Pierre-Camille Cartier

After taking over the shop at 29, Rue Montorgueil in Paris from his master, Adolphe Picard, in 1847, the grandfather of Pierre Cartier, Louis-Francois Cartier (1819-1904), founded the Cartier jewellery business which was registered in the Trade Registry as follows; "Successor of Mr. Picard, manufactuer of jewels, imaginative jewellery, fashion and novelty items". He officially registered his master-craftsman's hallmark, a diamond with a heart between the letters L and C.
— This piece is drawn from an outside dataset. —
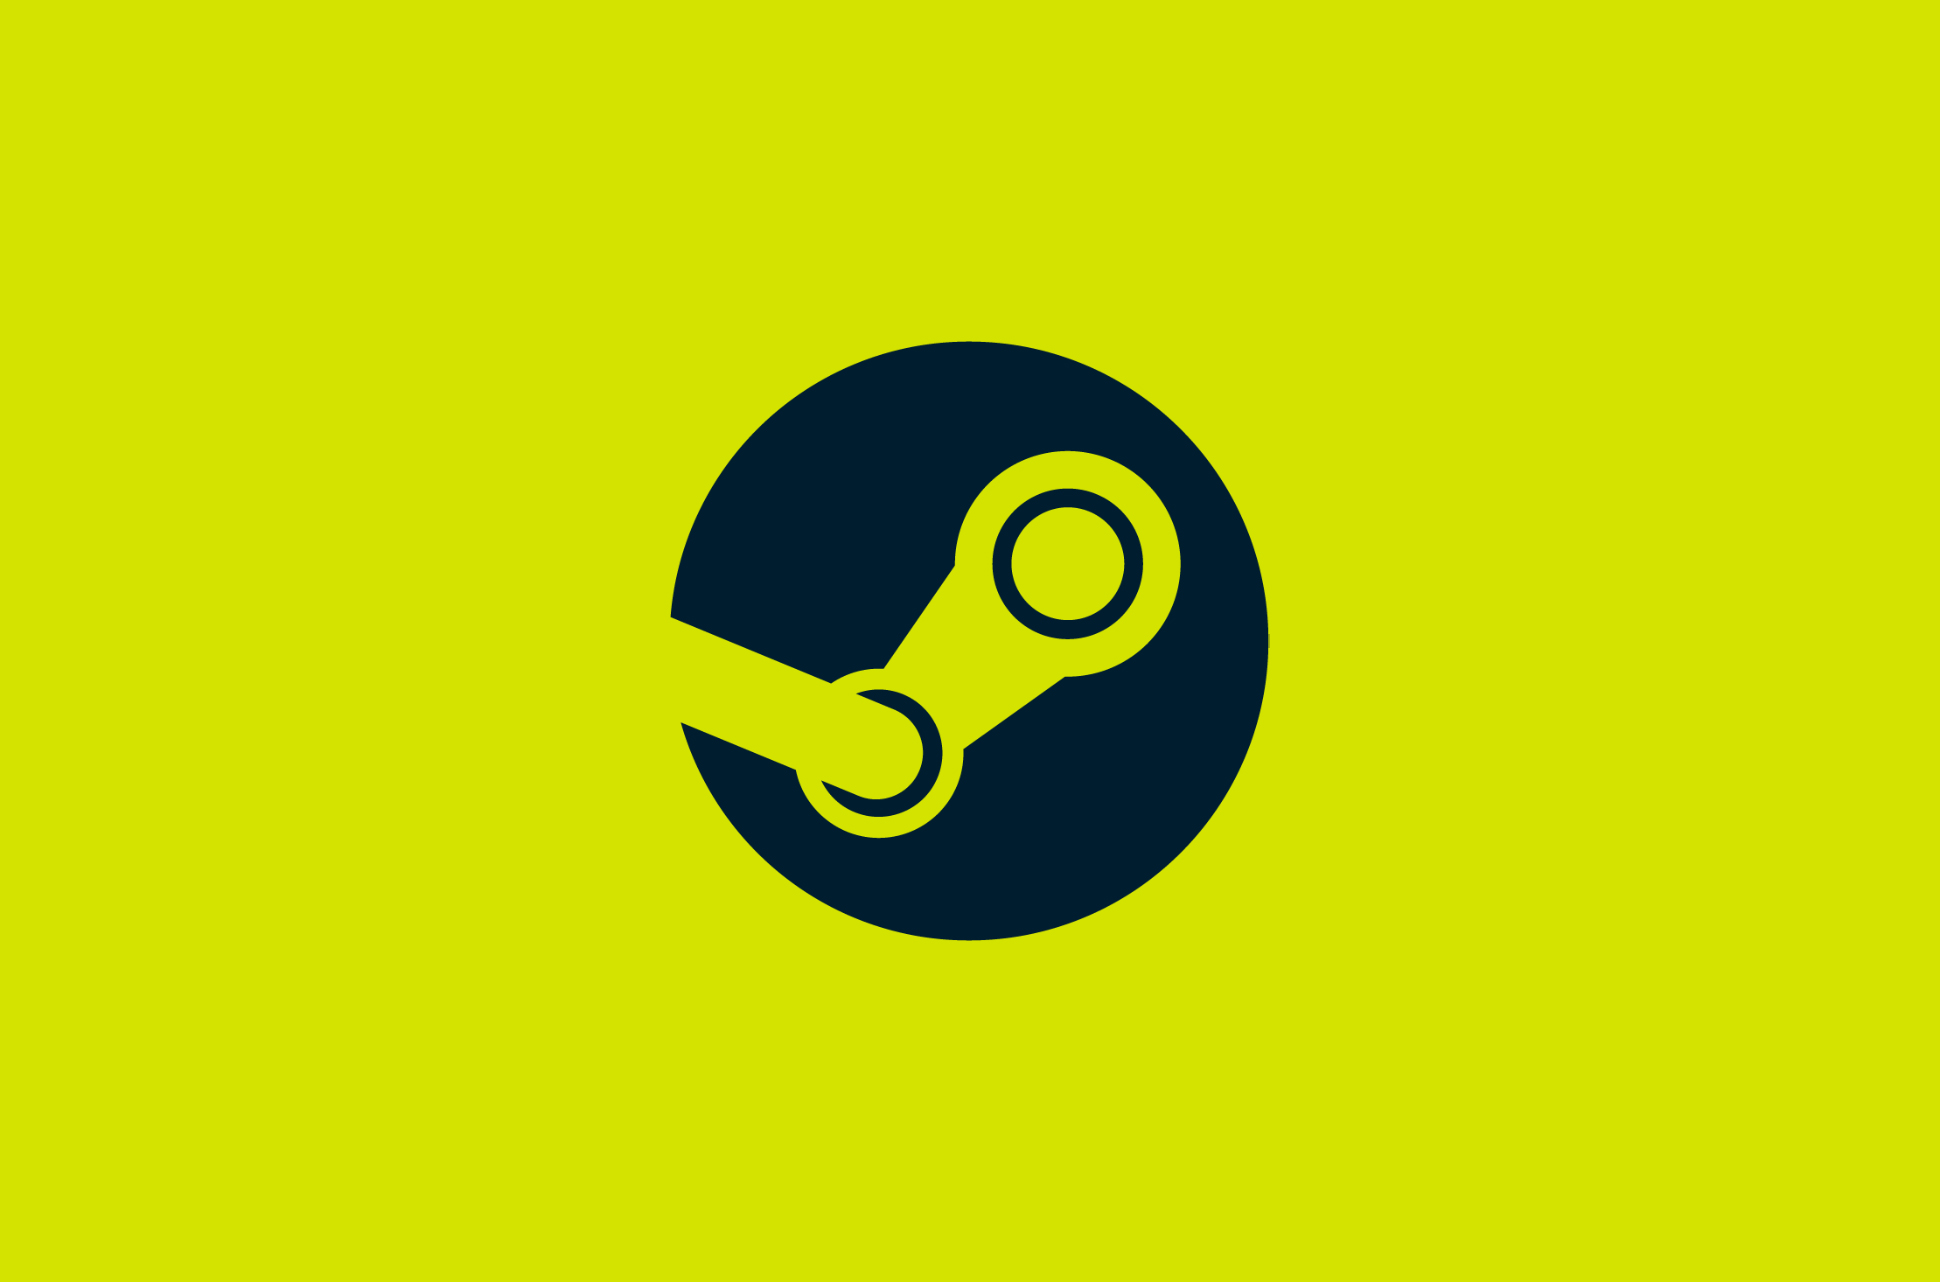 Steam logo.

The creation of novelty items was undoubtedly the guiding principle of Louis-Francois Cartier. He was able to pass this on to his son Alfred Cartier (1841-1925) who in turn passed it down to his three sons, one of whom was Pierre Cartier, born March 10 1878. Pierre, the second son of Alfred Cartier, got on equally well with both Louis-Joseph (1875-1942), his elder brother, and Jacques-Theodule (1884-1941), the youngest of the three. Each had his own particular talents and skills. Thanks to this harmonious relationship, the complementary nature of their skills and their joint approach to business, they made the Cartier name the most prestigious in the world of French jewellery: Louis-Joseph in Paris, Jacques in London and Pierre in New York.

This perfect family relationship and deep affection extended also in their sister Suzanne, who married Jacques Worth, a member of the family of the famous couturier.
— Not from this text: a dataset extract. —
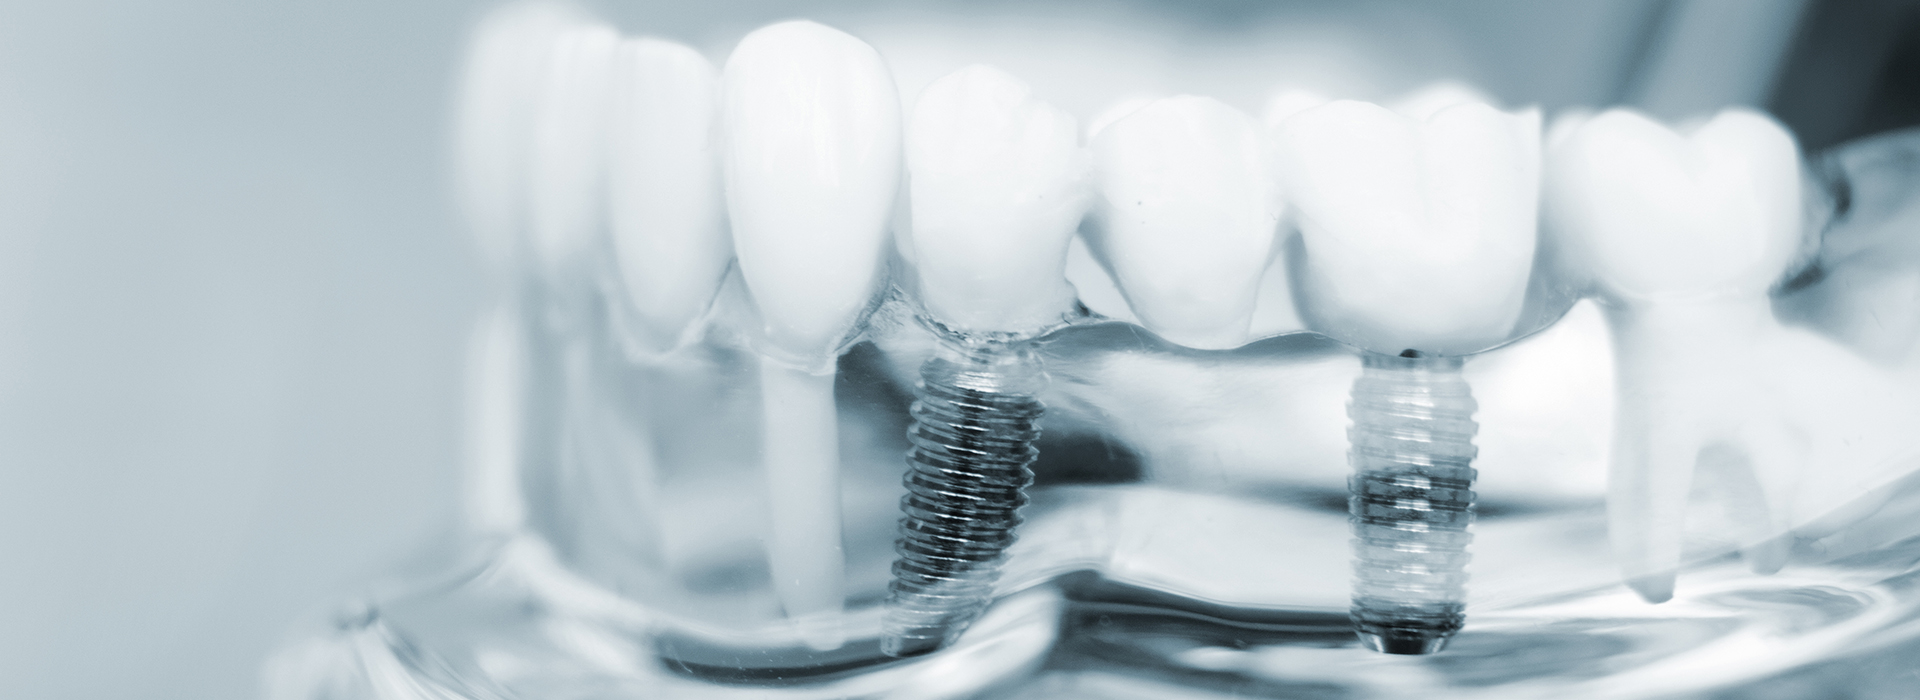 Village Dental | Dental Bridges, Veneers and Implant Dentistry

Pierre Cartier, at the very start of his exceptional career, was asked to go to Russia, both to study the political and economic sitiation under Nicolas II, and to penetrate and understand the secrets of the professional success of a famous colleague, Peter Carl Faberge.

After some exhibitions and sales, and the establishment of a temporary branch in Saint Petersburg, Alfred Cartier and his three sons unanimously concluded that it would be safer to set up business in the United States. The first signs of revolution were already in Russia.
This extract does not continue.